== Segment start ==

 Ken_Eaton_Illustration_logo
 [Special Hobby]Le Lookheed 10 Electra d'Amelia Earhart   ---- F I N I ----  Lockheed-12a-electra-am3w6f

== Segment end ==
== Segment start ==

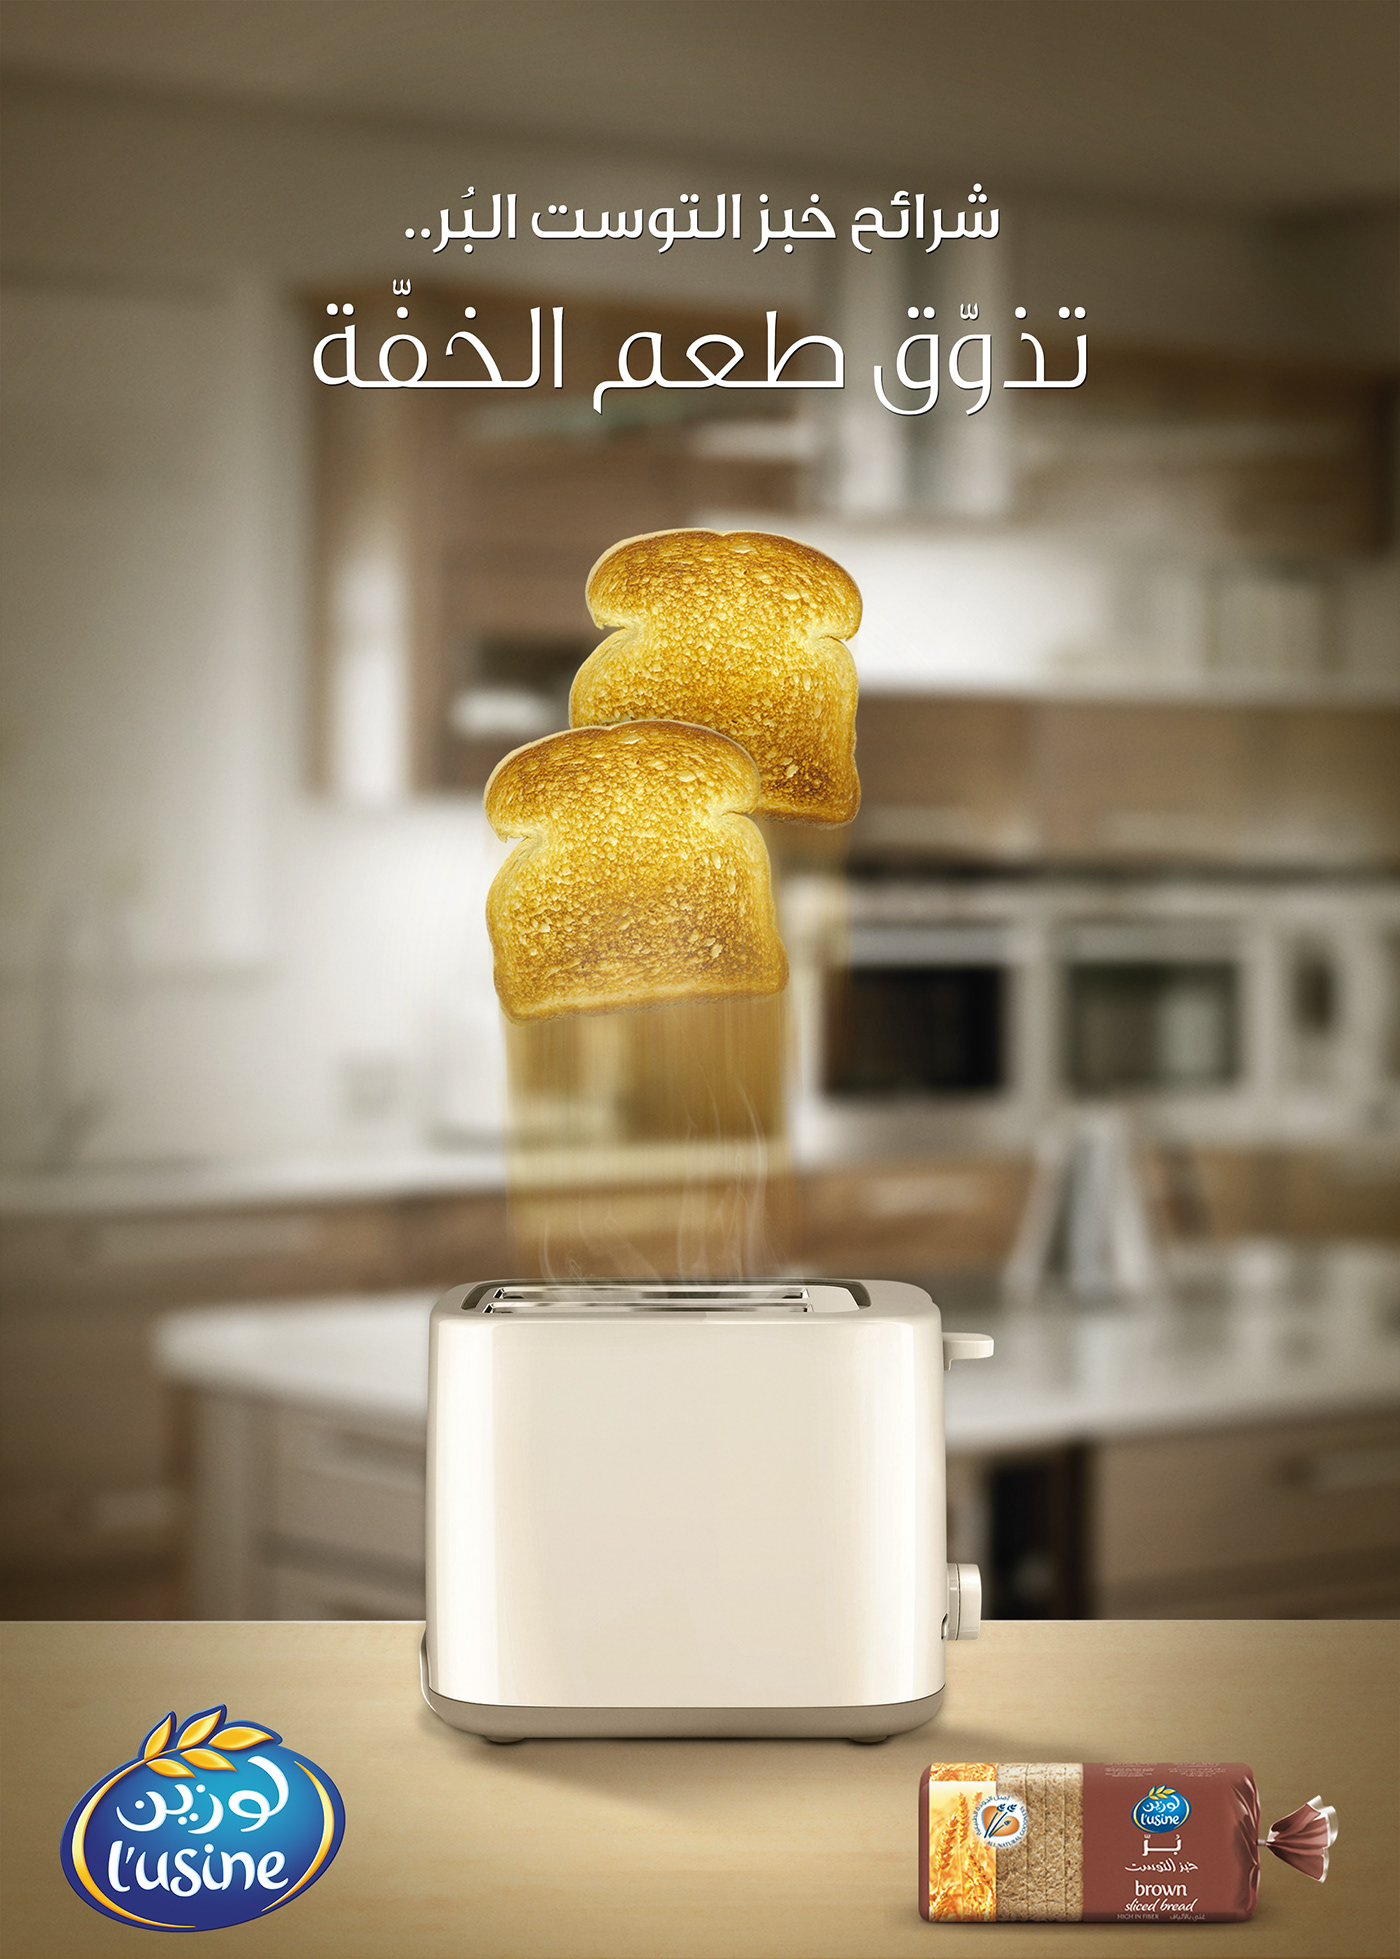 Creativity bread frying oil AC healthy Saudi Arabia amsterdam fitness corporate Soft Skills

== Segment end ==

§ AIM OF THE EXERCISE: Take from the material above the lines running from the one with "Ken_Eaton_Illustration_logo" through the one with "[Special Hobby]Le Lookheed", and repeat them exactly, with nothing else.

§ ANSWER TO THIS EXERCISE:
 Ken_Eaton_Illustration_logo
 [Special Hobby]Le Lookheed 10 Electra d'Amelia Earhart   ---- F I N I ----  Lockheed-12a-electra-am3w6f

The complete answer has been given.